Homebuyers are struggling to take out 25-year mortgages as soaring energy bills have made it harder to get through bank affordability checks.

Instead, borrowers are forced to take out 40-year mortgages to spread the cost of their loans and make repayments affordable.

Millions of people will have to pay more on their energy bills than their mortgages this winter and borrowers have turned to ultra-long mortgages to reduce monthly outgoings. The number of buyers looking for a mortgage with a term of 40 years or more has doubled over the past year to more than 10,000 per week, according to analysis by Twenty7Tec, a mortgage data. Borrowers have traditionally used loans with a term of 25 years.

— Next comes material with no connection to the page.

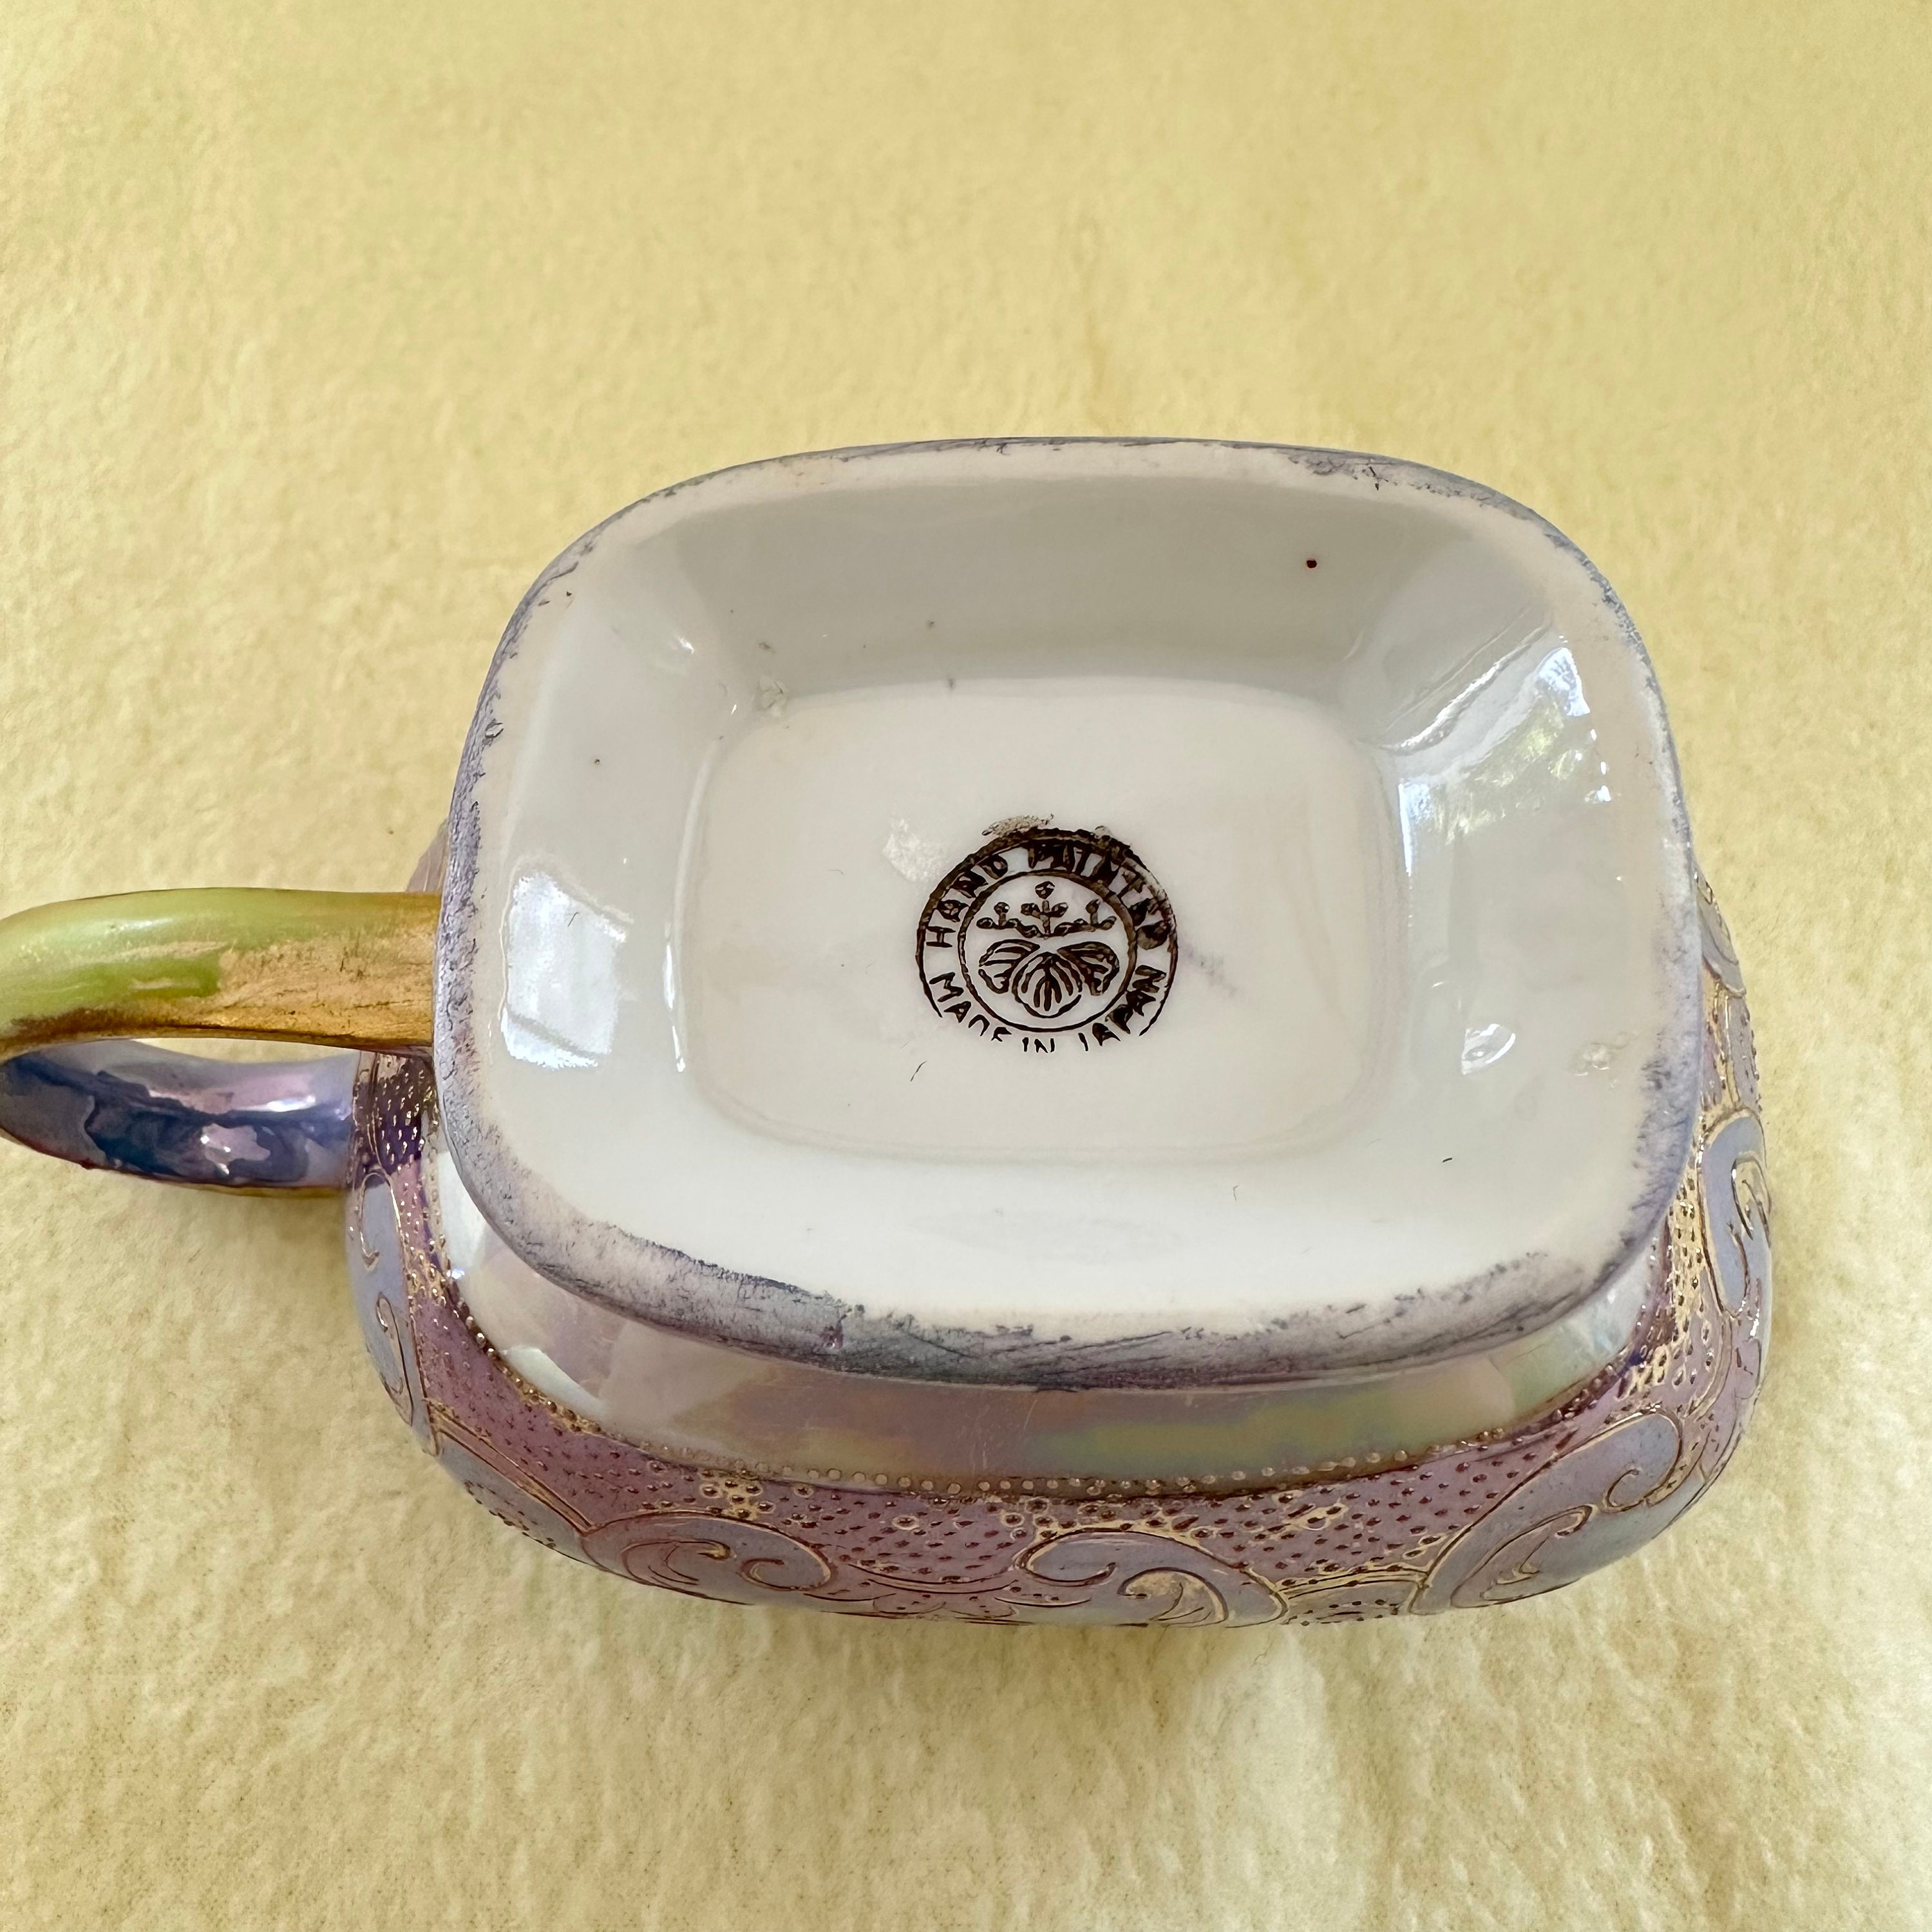 Japanese Ceramic Garlic Grater in Cream – GOLDEN RULE GALLERY

Longer mortgages mean smaller monthly repayments, which helps overburdened borrowers pass the affordability tests set by lenders. But buyers will pay a lot more over the life of the mortgage because the interest due on the loan is longer.

A borrower with a mortgage of £250,000 at a rate of 3.5% would pay £125,600 in interest over a term of 25 years. The same mortgage over a 40-year term would cost £215,098 in interest, almost £90,000 more.

But homeowners and first-time buyers have had little choice in the face of soaring utility, food and fuel bills, which have hampered their borrowing power.

Investec bank analysts raised their forecast for the annual price cap this week, predicting it will hit £3,523 in October and then rise to £4,210 in January. That compares to a cap of £1,977 today. Separate forecasts from consultancy BFY Group have warned that the average gas and electricity bill could reach £500 a month this winter, meaning many will pay more for energy than their homes.